There is also the question of what your goal is in terms of the language and form in which you want to end up displaying the transformations. Coordinates and matrices? Tensors and index gymnastics? Probably the more concrete the form you aim for, the uglier it's going to be. I think in general when people want to organize their thoughts about Lorentz transformations and do it in an elegant way, they work in the language of group theory. You have a certain set of boosts and rotations, and you describe their commutators.

8. Jul 30, 2015

### JD96

@bcrowell I would like to derive the 3+1d lorentz boost in matrix form using the one dimensional lorentz transformation (I haven't yet learned about differential geometry and group theory). Apart from the method mentioned in my OP what other ways are there? I now know that using several different frames and doing a row of lorentz boosts will cause problems since several lorentz boosts will include rotations. Thats why I was wondering whether one could correct for the thomas precession to fix this way of deriving the 3+1d lorentz boost. Hopefully I was able to formulate my problem clear enough :-)
Thanks for all the responses so far!

9. Jul 30, 2015

### bcrowell

Staff Emeritus
It's not a correction. If you compose two boosts, a rotation is simply part of the result.

Re your other questions, please see the info and link I gave above.

10. Jul 30, 2015

### JD96

I will have a look at the link you gave me when I have a little bit more time to study it in greater detail.

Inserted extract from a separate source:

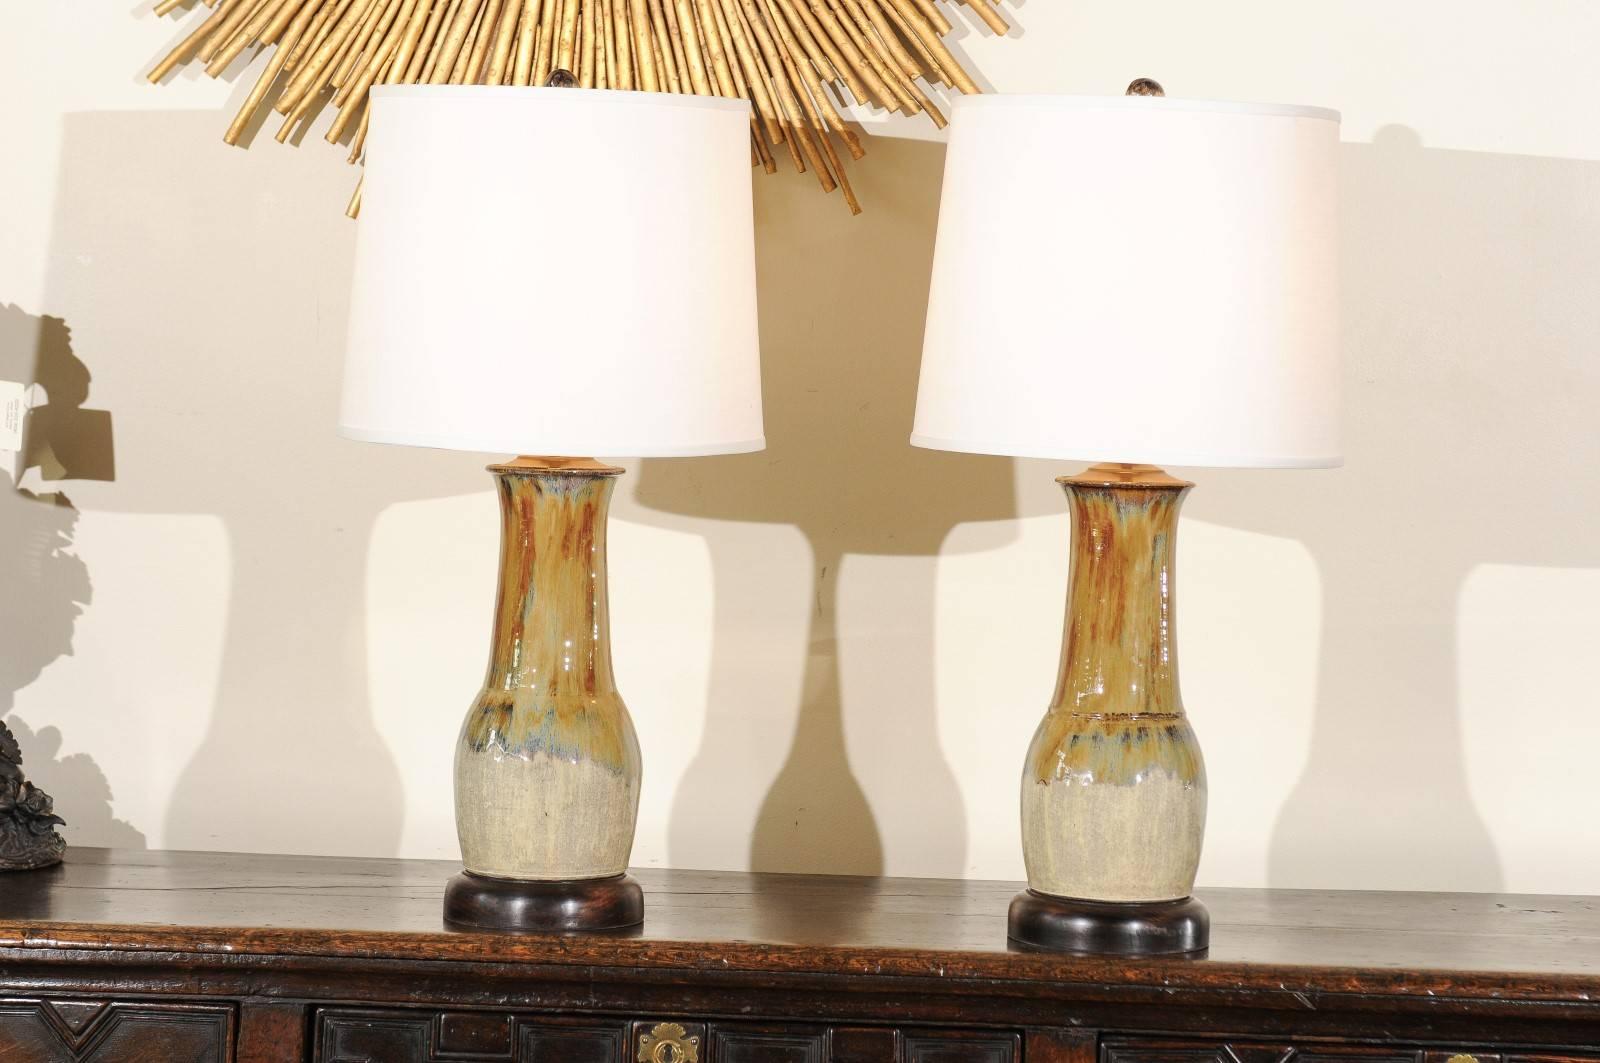 This unique pair of hand-thrown lamps created by Charlie West, a noted North Georgia potter since 1986. They are mounted on a wooden base which is hand-turned on a wood lathe. Each of his lamps is an original. We can order a single or a pair.

With correction I meant that when aiming to derive the 3+1d lorentz boost in matrix form as given here https://en.wikipedia.org/wiki/Lorentz_transformation#Boost_in_any_direction, but instead using the procedure of performing several 1+1d lorentz boosts and then establishing a relation between the coordinates of the initial and final inertial frame, a rotation will be an "unwanted byproduct" and won't lead me to the form given in the wiki article (or am I wrong here?). So I guess I would have to redo the rotation in order to obtain a pure boost.

11. Jul 30, 2015

### Staff: Mentor

A single 3+1d Lorentz boost, like what the Wiki page describes, is not the same as a sequence of 1+1d Lorentz boosts in different directions. The former is just a single boost where, for whatever reason, you haven't aligned any of the coordinate axes in the direction of the boost; the only issue involved is finding an expression for the single transformation in this case.

The latter is two (or more) boosts in different directions, and the issue is finding a generalized transformation that is equivalent to the two (or more) boosts applied one after the other. It's only that latter case that results in a rotation being included as part of the result; i.e., the generalized transformation that results from composing two or more boosts in different directions is not a pure boost; it's a boost plus a rotation. The "3+1d Lorentz boost" formula you gave does not describe this kind of transformation.